Footage of congressional hearings make it clear that the Republicans knew what had happened but were too fearful of the implications for "law and order" to take any meaningful action. So they did nothing. When it was all over, the government victors flew their flag over the remains of the Davidian compound. It was clear this had been a military action taken against citizens of the United States, even though the law prohibits such action.

The church has failed to grasp the significance of Waco. It is clear that there were serious breaches of Constitutional rights. During the siege, David Koresh and his followers were demonized as religious fanatics, hazardous to themselves and everyone else.
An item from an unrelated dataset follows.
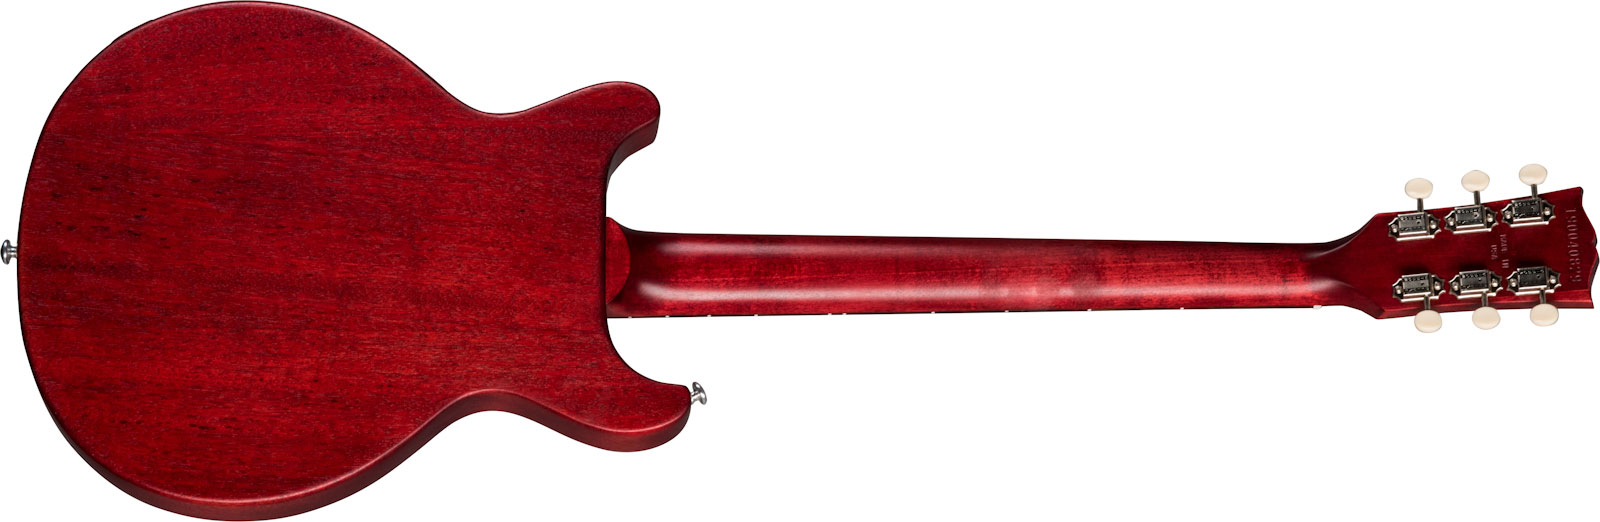 Gibson Les Paul Special Tribute Dc Modern 2p90 Ht Rw - Worn Cherry - Guitare Électrique Double Cut - Variation 1

The church at large, rather than demanding an investigation, accepted the official story and rationalized it with the thought that Koresh was an extremist, both theologically and sociologically.

But consider that we are now living in a post-Christian culture, where everyday Christianity is considered an extreme belief. At the same time, we find that the Constitutional protections which guarded this republic for so many years are eroding rapidly.

David Koresh was a religious extremist of the 1990s. What if we become the religious extremists of the next decade? If Waco could happen to the Branch Davidians, what could happen to us? Because of Waco, that question is no longer just academic.


Notes:

  1. Waco: The Rules of Engagement, Fifth Estate Productions, 1997.